#### Task requirements:
Under this line are records; the part from the line containing "E.l.f. e.l.f, Hydrating" through the line containing "#Rock #Trees #Ocean" should be repeated exactly. Please exclude pictures.

#### Given records:
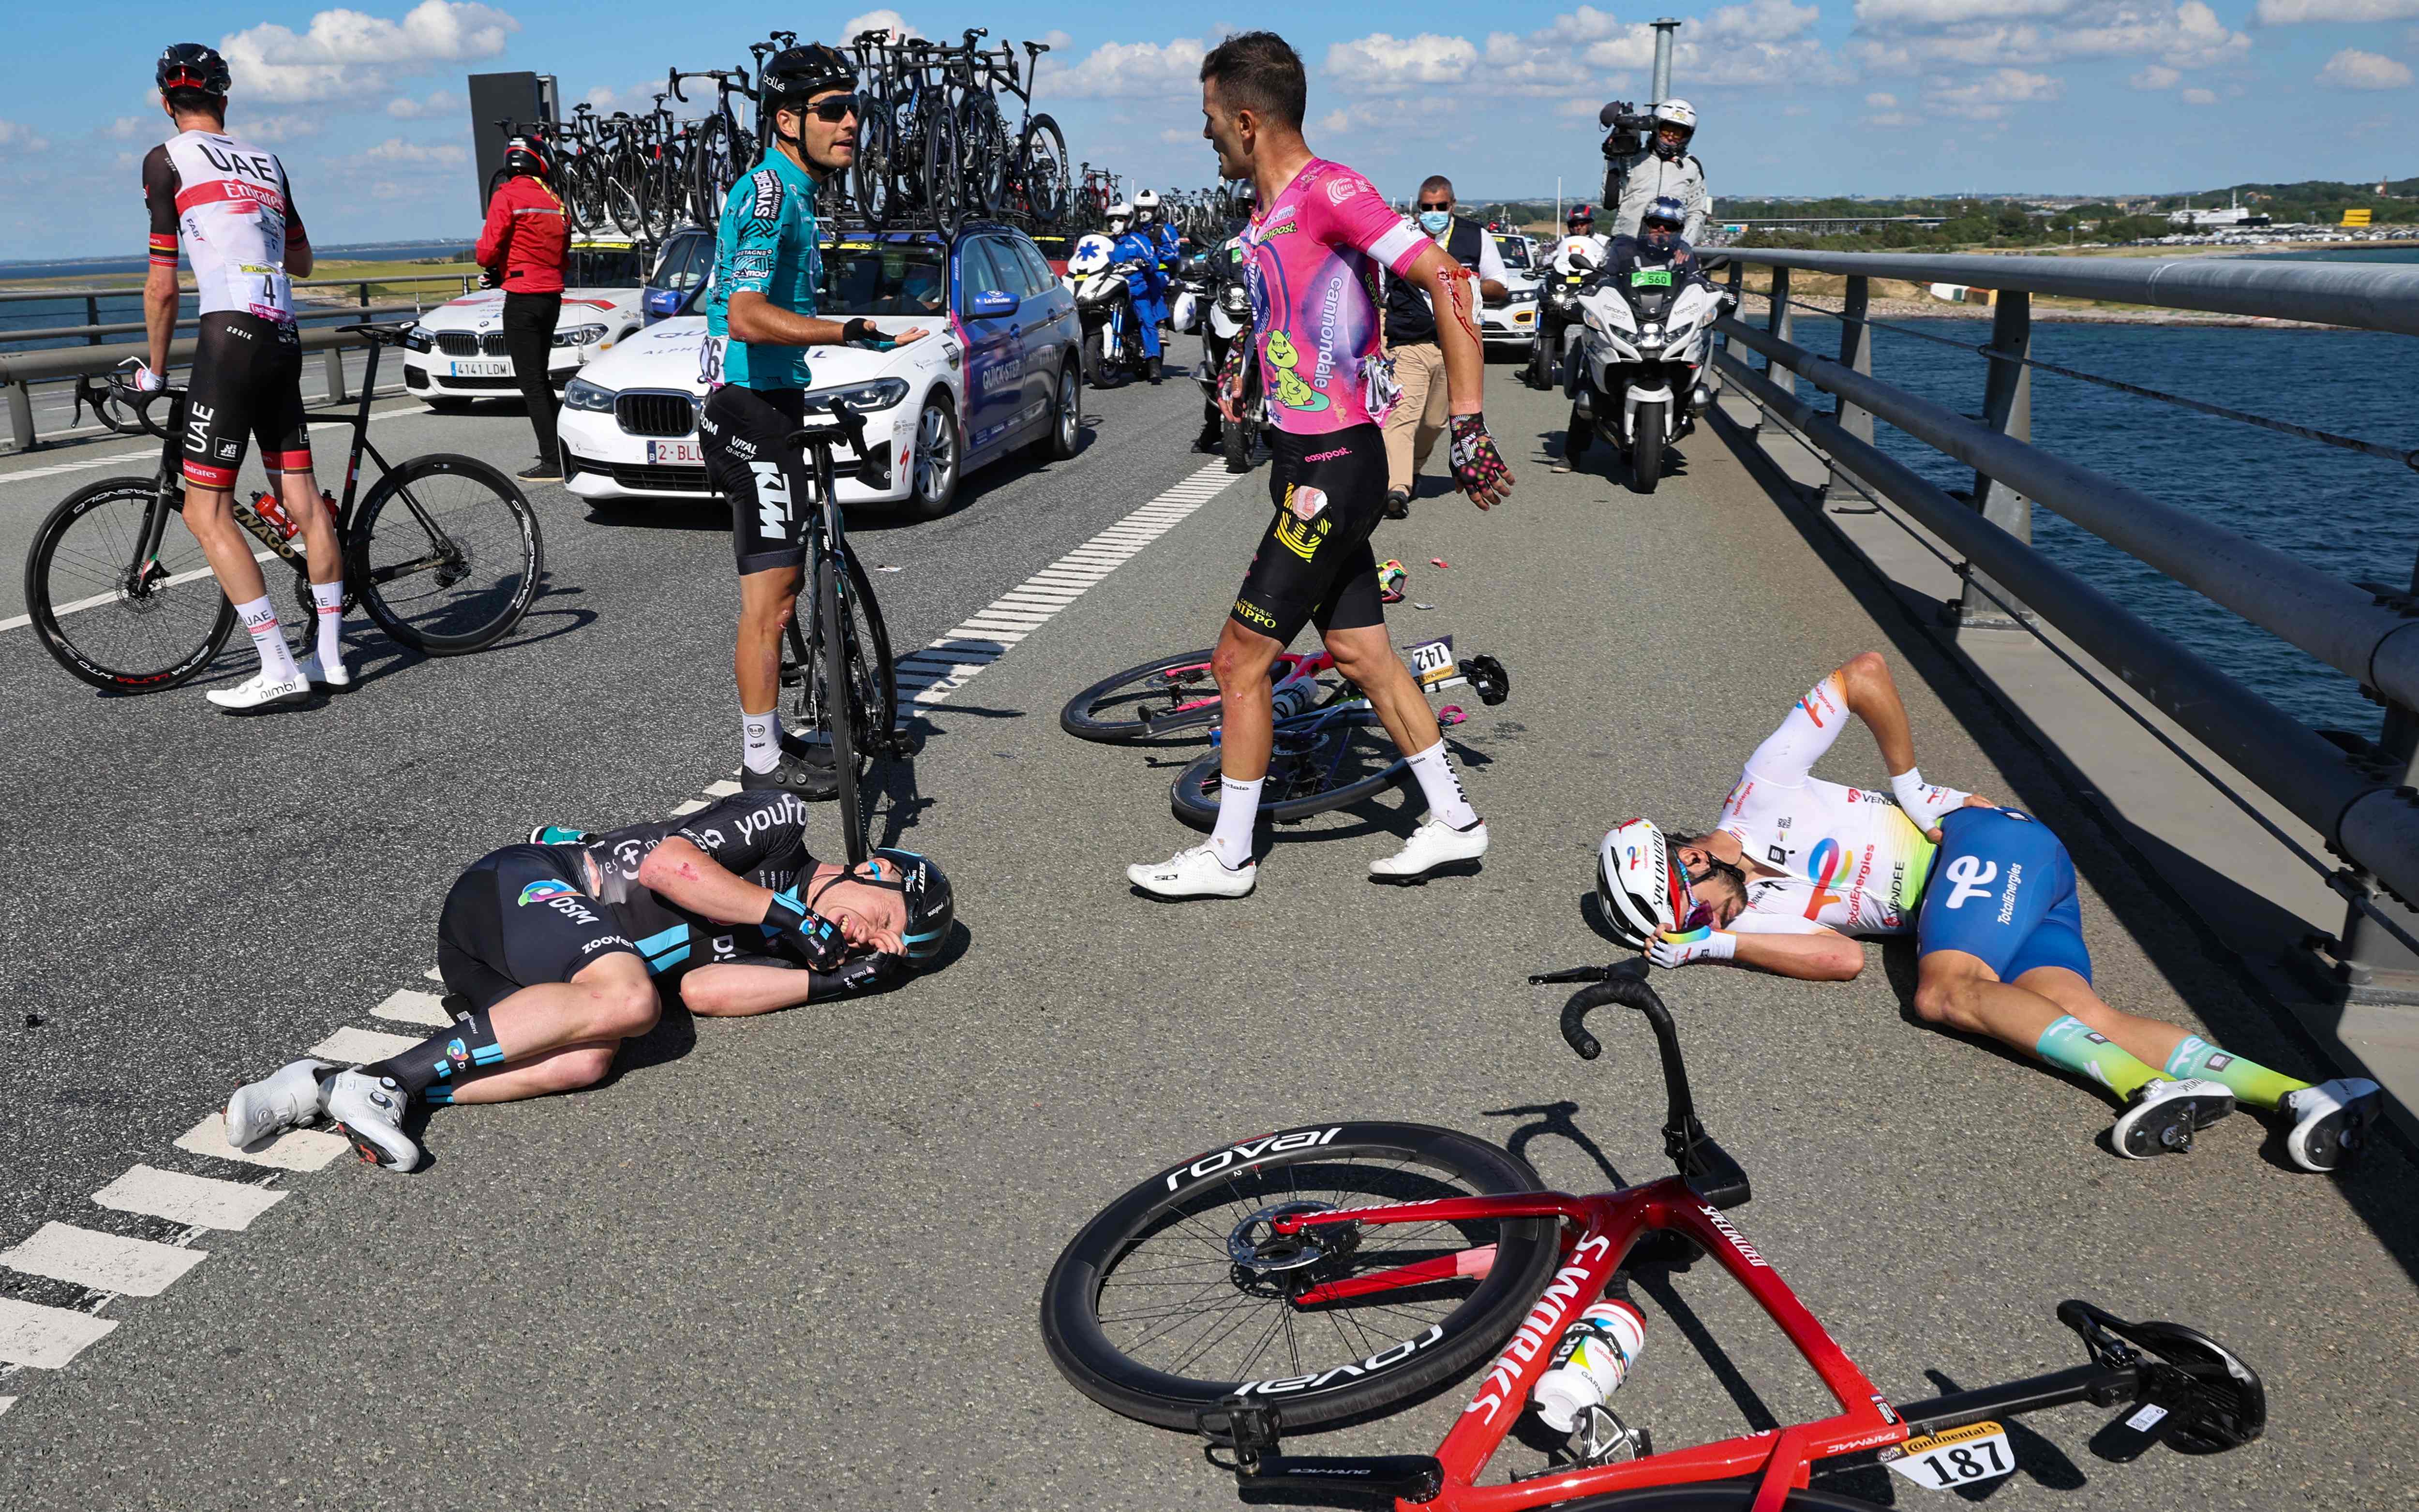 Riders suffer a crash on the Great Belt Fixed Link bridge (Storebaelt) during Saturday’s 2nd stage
---
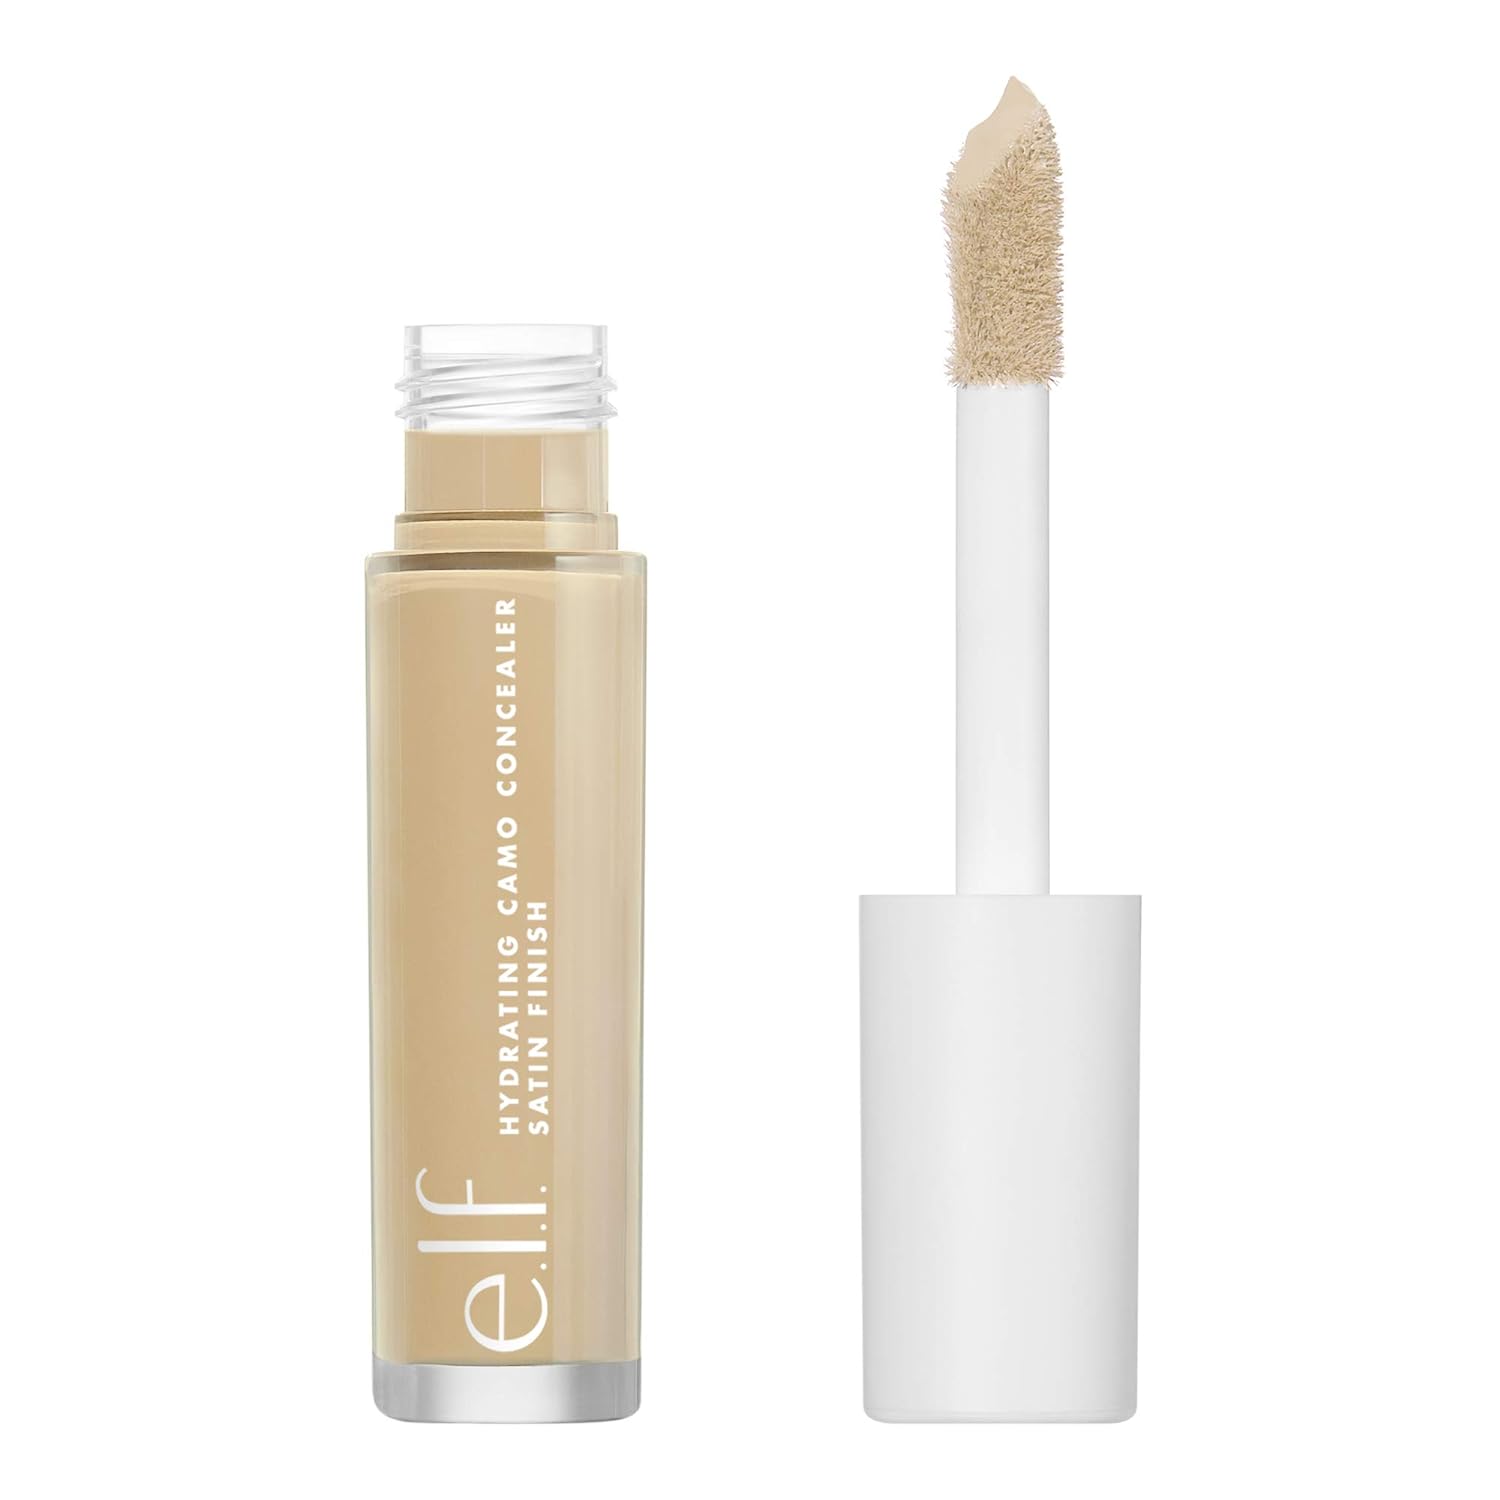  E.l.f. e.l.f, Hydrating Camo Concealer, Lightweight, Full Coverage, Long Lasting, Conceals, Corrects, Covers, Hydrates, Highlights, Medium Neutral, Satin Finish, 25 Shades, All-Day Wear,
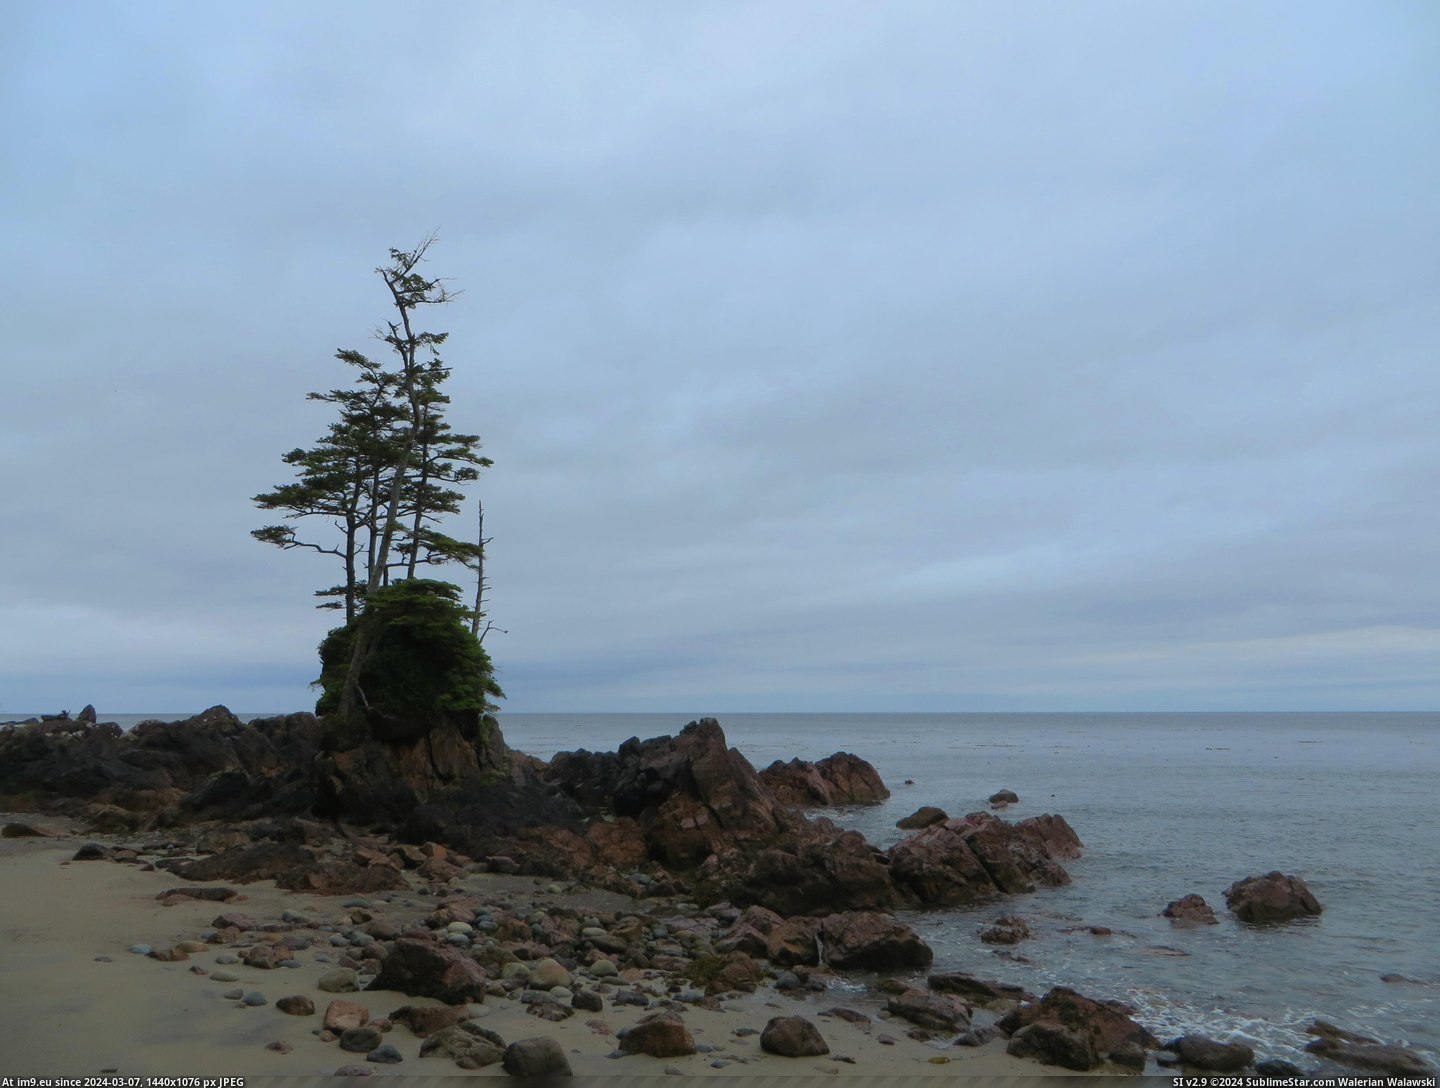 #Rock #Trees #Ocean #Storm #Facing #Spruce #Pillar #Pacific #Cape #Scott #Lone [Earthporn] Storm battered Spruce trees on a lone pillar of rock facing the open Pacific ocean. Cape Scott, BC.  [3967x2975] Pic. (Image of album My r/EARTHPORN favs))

#### Answer to the exercise:
  E.l.f. e.l.f, Hydrating Camo Concealer, Lightweight, Full Coverage, Long Lasting, Conceals, Corrects, Covers, Hydrates, Highlights, Medium Neutral, Satin Finish, 25 Shades, All-Day Wear,
 #Rock #Trees #Ocean #Storm #Facing #Spruce #Pillar #Pacific #Cape #Scott #Lone [Earthporn] Storm battered Spruce trees on a lone pillar of rock facing the open Pacific ocean. Cape Scott, BC.  [3967x2975] Pic. (Image of album My r/EARTHPORN favs))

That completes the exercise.